第67回毎日芸術賞 鄭義信さん 演劇・邦舞・演芸部門受賞

Bunkamura Production 2025『泣くロミオと怒るジュリエット2025』の作・演出をつとめた劇作家・演出家の鄭義信(ちょん・うぃしん)さんが、第67回毎日芸術賞(演劇・邦舞・演芸部門)を受賞した。シェイクスピアの名作を大胆に再解釈した業績などが高く評価された。
鄭さんは「僕ひとりの力というよりも、スタッフやキャストたちの力のたまもの」と感謝。2月に東京都内であった贈賞式には、Bunkamura関係者や出演俳優たちも大勢駆けつけ受賞を祝った。
毎日芸術賞は、演劇、音楽、美術、文学など幅広い芸術分野を対象に、優れた業績を挙げた個人・団体を顕彰する賞。1959年に創設され、創作の第一線で活躍する表現者たちを60年以上にわたり広く社会に紹介してきた。
演劇・邦舞・演芸部門ではこれまでに片岡仁左衛門さん、井上ひさしさん、市村正親さん、大竹しのぶさんら日本を代表する俳優、劇作家らが受賞している。
今回、受賞対象作になったのは、『泣くロミオと怒るジュリエット2025』、『焼肉ドラゴン』(新国立劇場)、『白い輪、あるいは祈り』(東京演劇アンサンブル)の三つの舞台。いずれも再演作品ながら、多彩な題材・表現を通して現代を深部まで照射し、鄭さんの40年以上にわたる長いキャリアに裏打ちされた優れた舞台だった。

なかでも、『泣くロミオと怒るジュリエット2025』は、古典であるシェイクスピアの『ロミオとジュリエット』を、出演者は全員男性に、せりふは全編関西弁に大胆に翻案。原作の悲劇の背景にある差別や社会的分断の構造に着目し、現代日本にも地続きの「ロミジュリ」を作り上げた。

吃音症に悩む不器用なロミオ役の桐山照史さん(WEST.)、芯が強く感情を率直にぶつけるジュリエット役の柄本時生さんはもとより、渡辺いっけいさんや八嶋智人さんをはじめ実力豊かなキャスト陣が躍動。貧しい工場町を舞台に、二つの愚連隊の因縁を背負った若い恋人たちが暴力や分断の構造と激しく衝突していく様を鮮烈に描いた。

2020年の初演はコロナ禍のため公演中止を余儀なくされたものの、5年の時を経て昨年7~8月、東京はTHEATER MILANO-Zaで、大阪は森ノ宮ピロティホールで再び上演が実現した。鄭さんは「再演がかなって(大阪公演の大千秋楽まで)完走できました」と感慨深げ。初演時は若い女性の観客が目立ったが「再演では年齢層が少し上がり、男性のお客様も増えたようです。『初演を見られず、ぜひ見たかった』という方も多くいらっしゃいました」と喜んだ。

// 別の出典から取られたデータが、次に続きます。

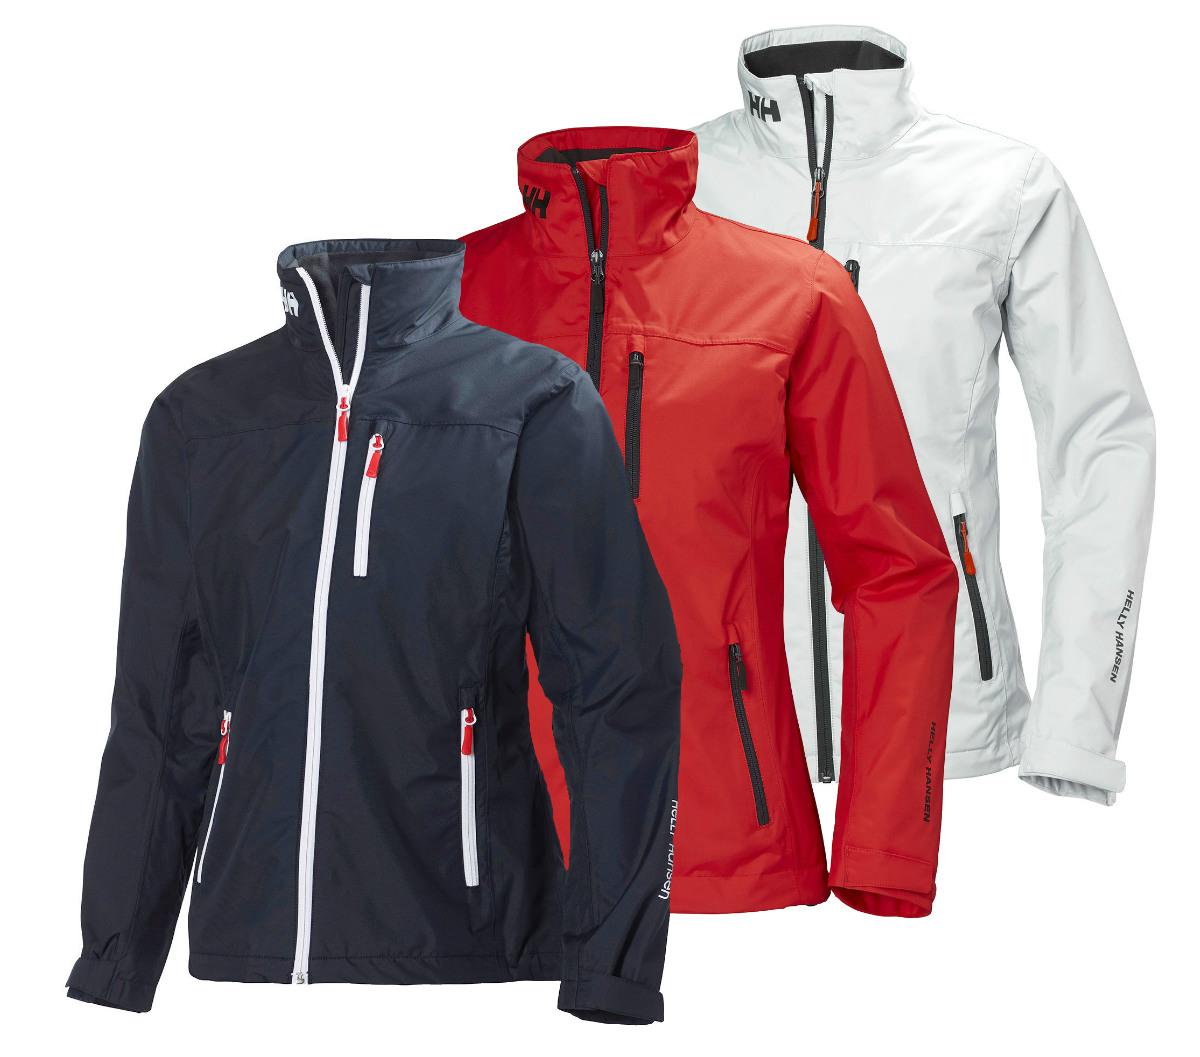 Helly Hansen Womens Crew Midlayer Crew Jacket Navy Breathable Rain Jacket

携わったBunkamuraプロデューサーの加藤真規さんは「『泣くロミオと怒るジュリエット』は、Bunkamuraが初めて鄭さんとご一緒した企画でした。最初にお会いした時、シアターコクーンという劇場をイメージして新しい作品を書いてもらえませんか、とお願いしたことを思い出します」と振り返る。
「男ばかりの稽古場はまるで男子校の部活のような活気に満ち溢れていました」とも。「初演がスタートしてほどなく新型コロナウイルスで公演中止となってしまいましたが、出来映えは素晴らしく、お客さんからの評価も高かった。以来、鄭さんから再演はしないのかと言われ続けていました」
だからこそ、喜びもひとしおだ。「念願の再演でした。しかもこのような賞を受賞するなんて!鄭さんおめでとうございます!」
そして毎日芸術賞受賞へとつながったこの作品が、鄭さんの創作の新たな章を開くのかもしれない。これから生まれる物語にも、期待は高まるばかりだ。
鄭義信さん プロフィール
1957年、兵庫県生まれ。代表作に「ザ・寺山」(岸田國士戯曲賞)、「焼肉ドラゴン」(鶴屋南北戯曲賞)、「パーマ屋スミレ」など。Bunkamuraでは舞台「パラサイト」も手がけている。また、「月はどっちに出ている」(毎日映画コンクール脚本賞)といった映画脚本も執筆。映画「焼肉ドラゴン」では監督も務めた。